TGI (Text Generation Inference): Maintenance Mode

Hugging Face's TGI is now officially in maintenance mode. The team has moved contributions to vLLM and SGLang, which they recommend going forward. New deployments should not be built on TGI. Existing TGI deployments should plan migration to vLLM or SGLang.

Ollama: Local Development Only

Ollama is excellent for developer workstations and local testing — simple installation, automatic GGUF quantization, HTTP API. It is not designed for production multi-user serving with high throughput requirements. Use it for development, use vLLM/SGLang for production.

Serving Framework Decision Tree

Is this for local development/testing?
  → Yes: Ollama

Is this for production serving?
  → Are you running DeepSeek models?
      → Yes: Consider SGLang (better MLA kernels)
  → Is structured output (JSON) a major workload?
      → Yes: SGLang (3x faster)
  → Is maximum throughput on H100 the priority?
      → Yes: vLLM (highest H100 throughput benchmark)
  → Default/uncertain:
      → vLLM (most community support, best documentation)

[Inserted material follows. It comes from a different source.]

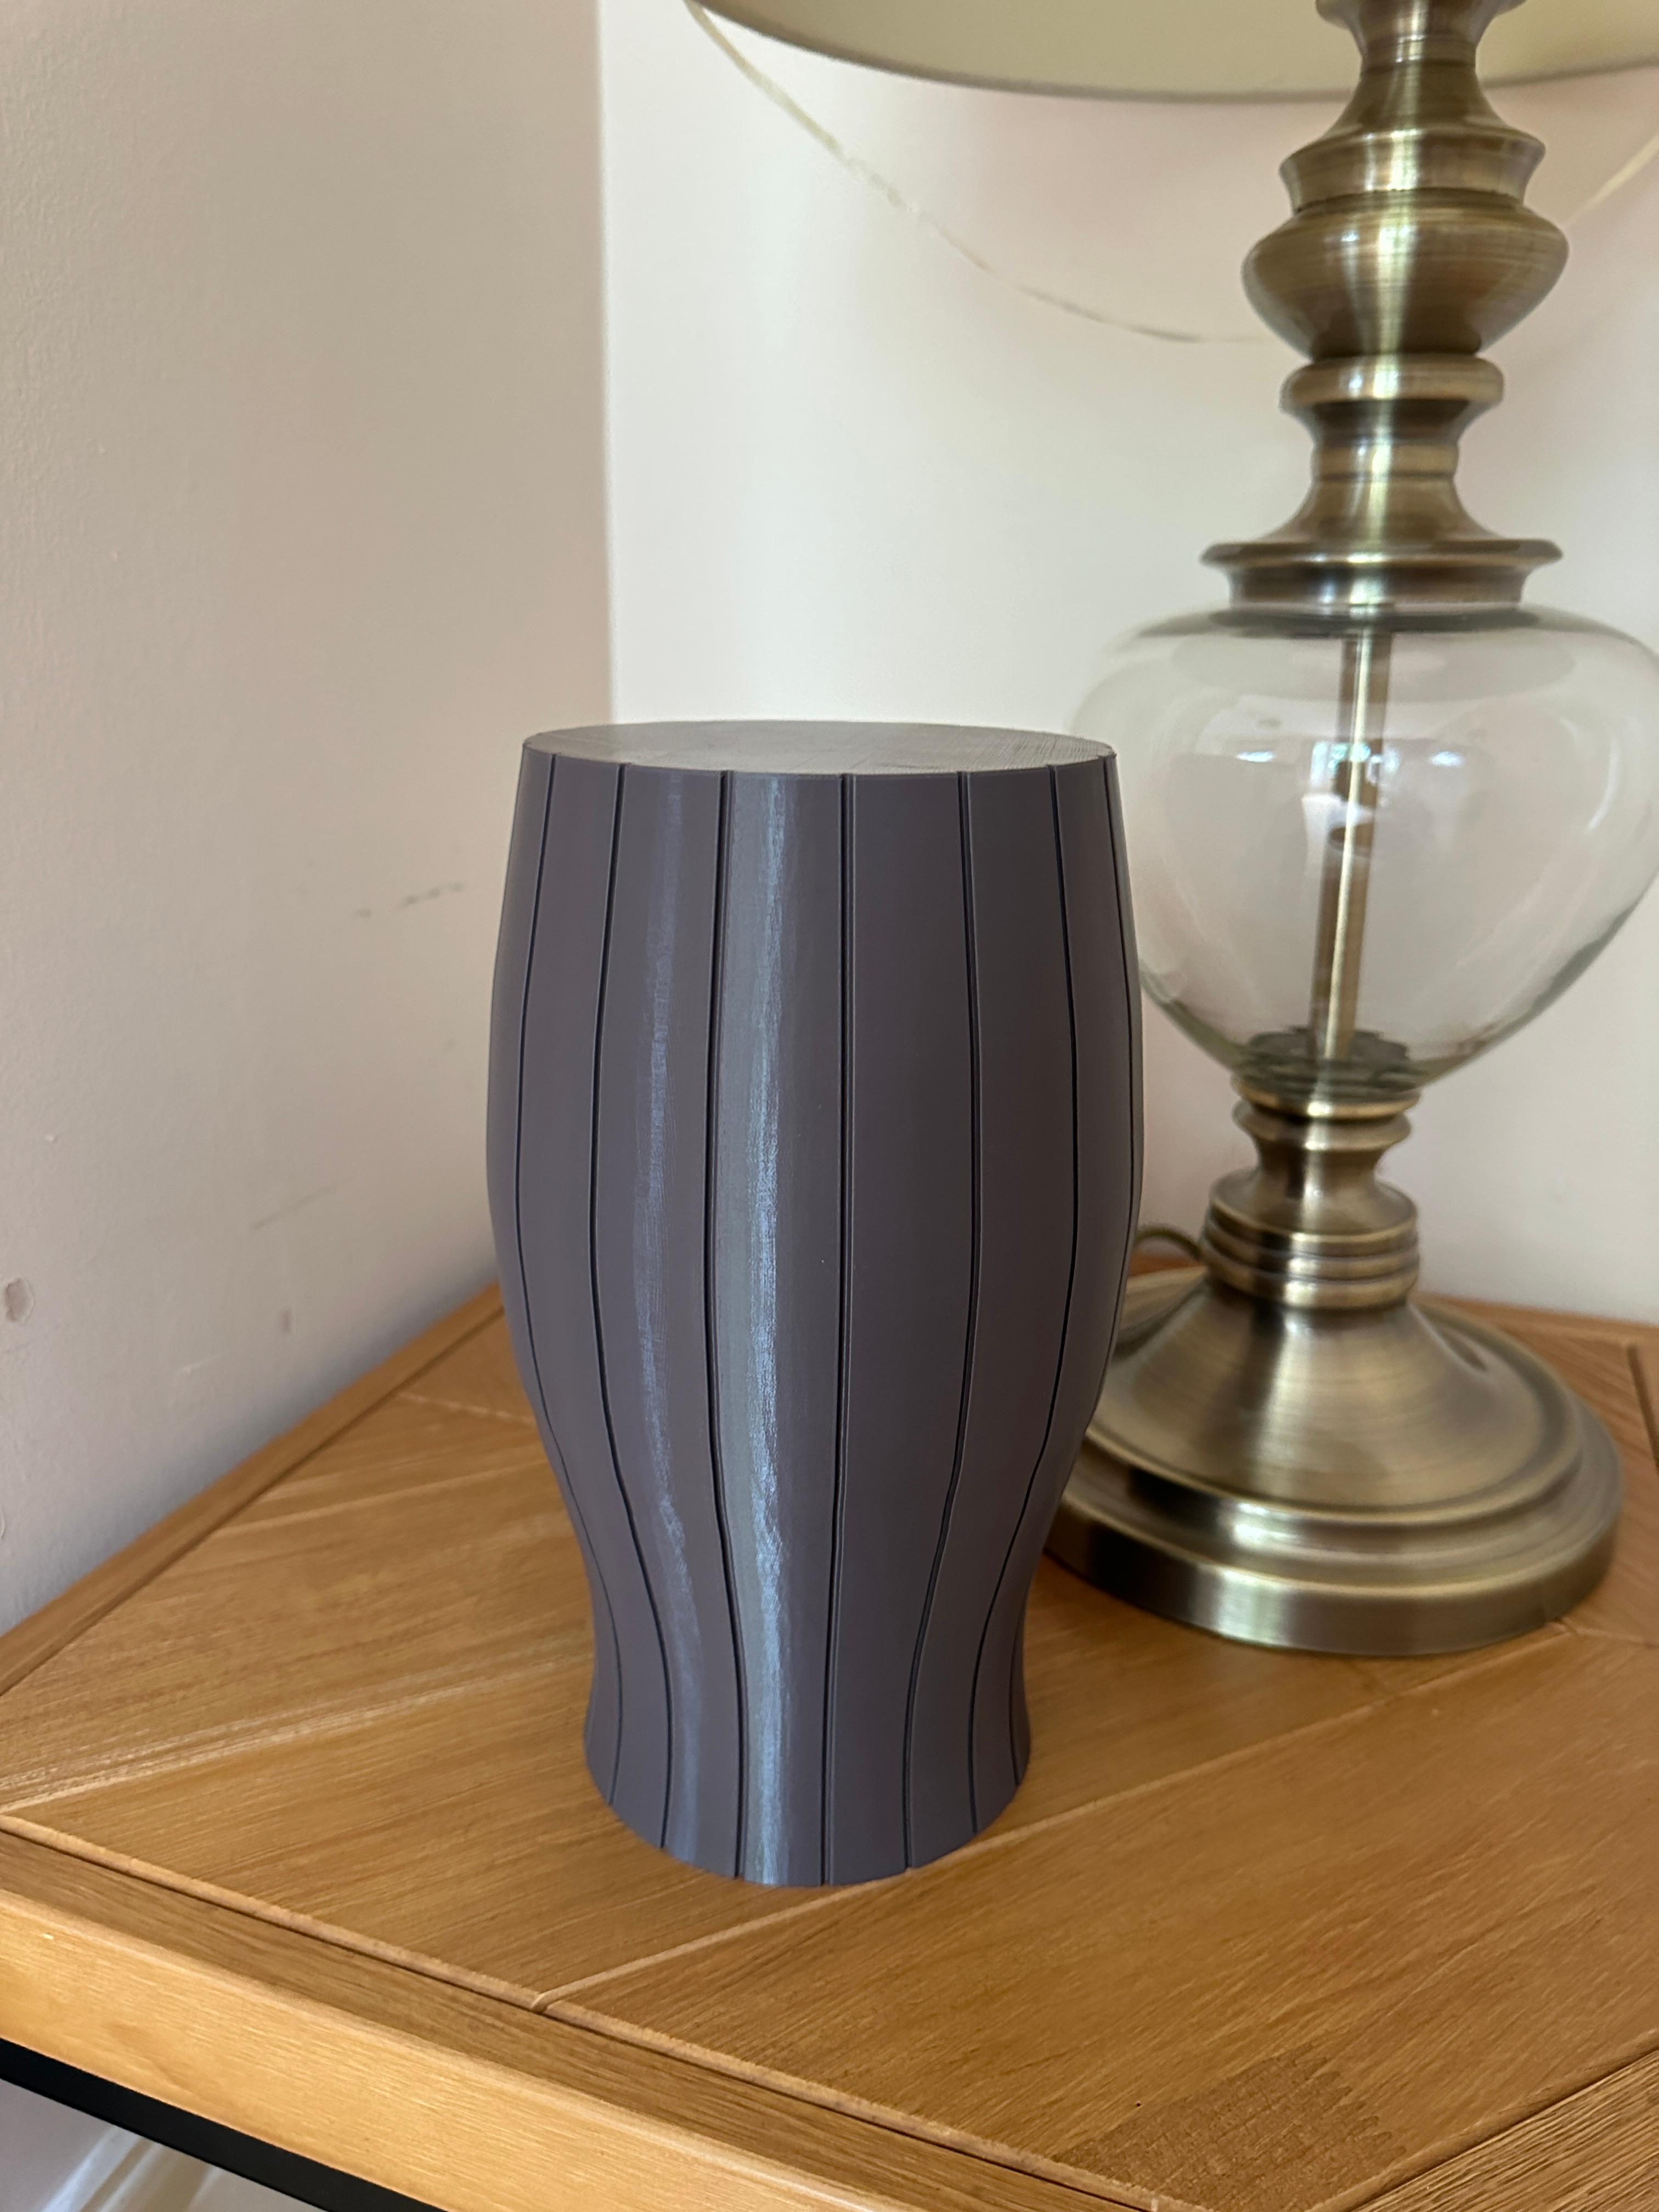 Vase and Drum 2 in 1 3d model
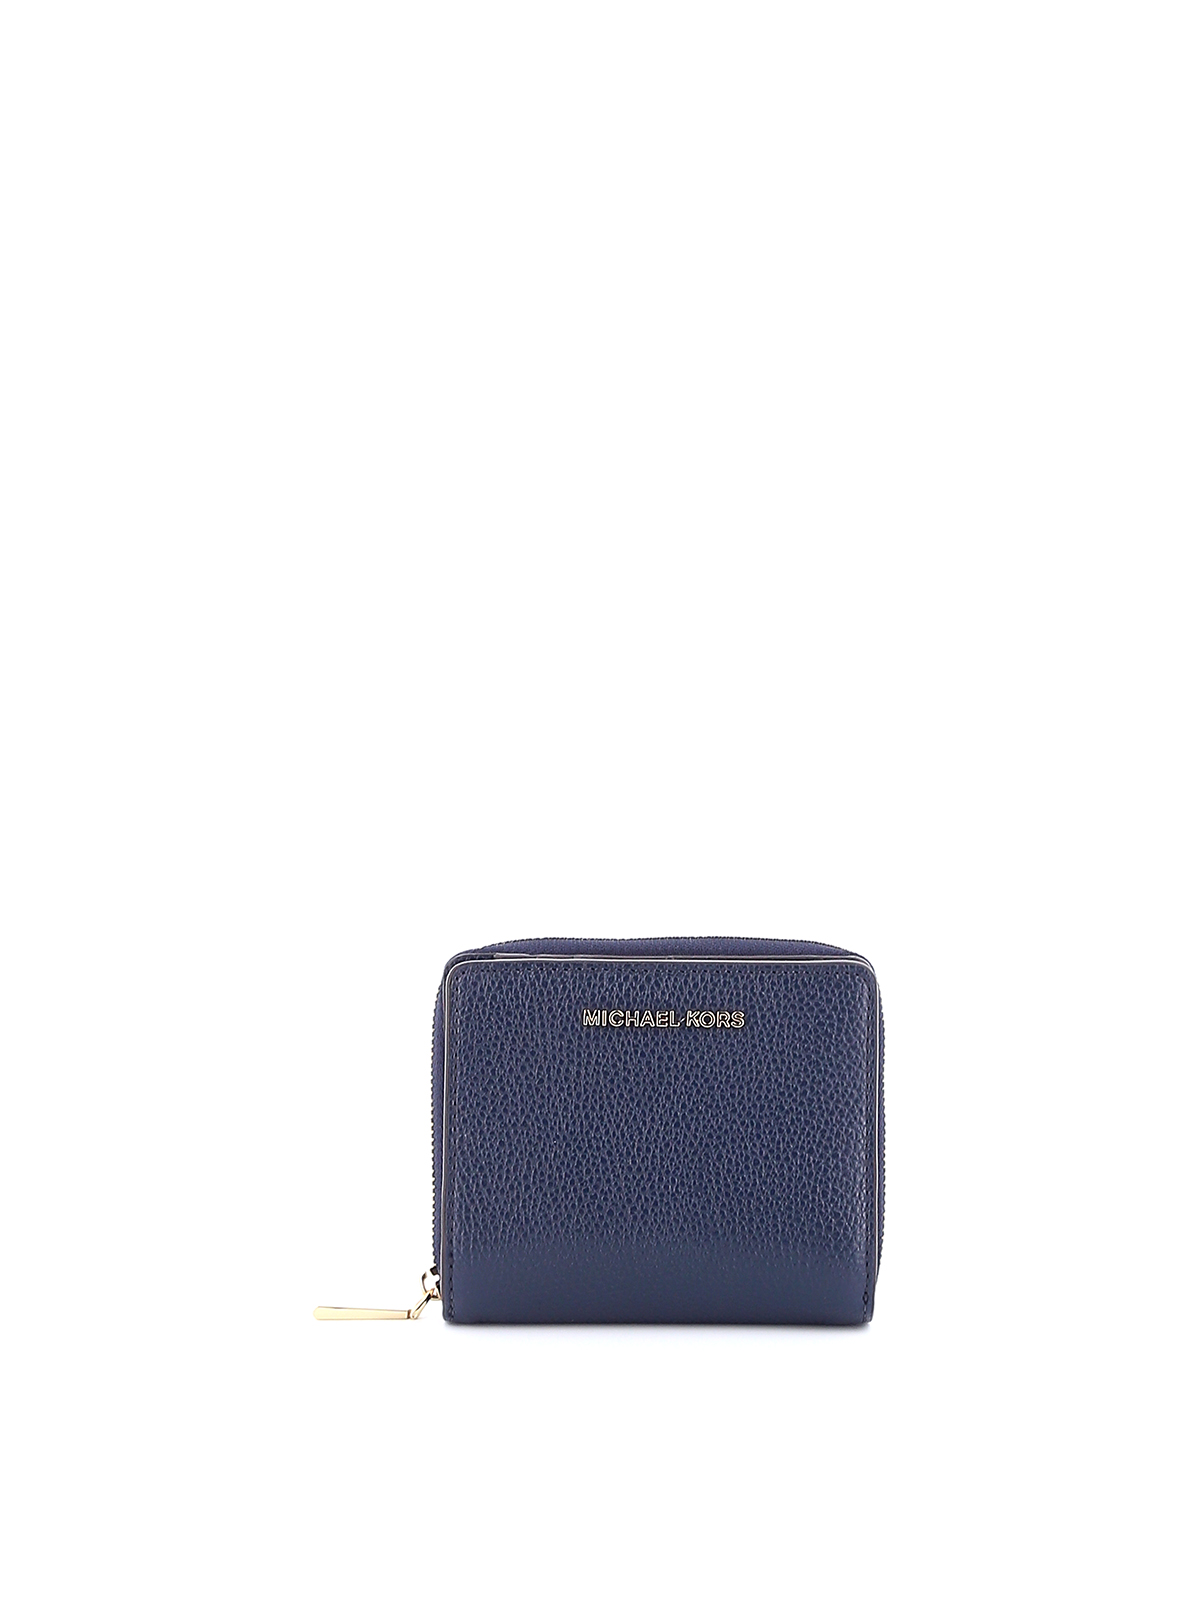 Wallets & purses Michael Kors - Jet Set medium blue snap wallet -  34F9GJ6Z8L406

Continuous Batching: Why It Matters

The core innovation that makes modern LLM serving tractable is continuous batching (iteration-level scheduling). Traditional static batching holds all requests in a batch until the longest one completes, wasting GPU capacity. Continuous batching inserts new requests as slots free up.

Throughput comparison:

Naive static batching: baseline
NVIDIA FasterTransformer (optimized static): 4x
Basic continuous batching (TGI, Ray Serve): 8x
vLLM with PagedAttention: 23x

For an agent platform processing many concurrent short-to-medium length tasks, continuous batching is essential — without it, a single long-context request starves all other requests.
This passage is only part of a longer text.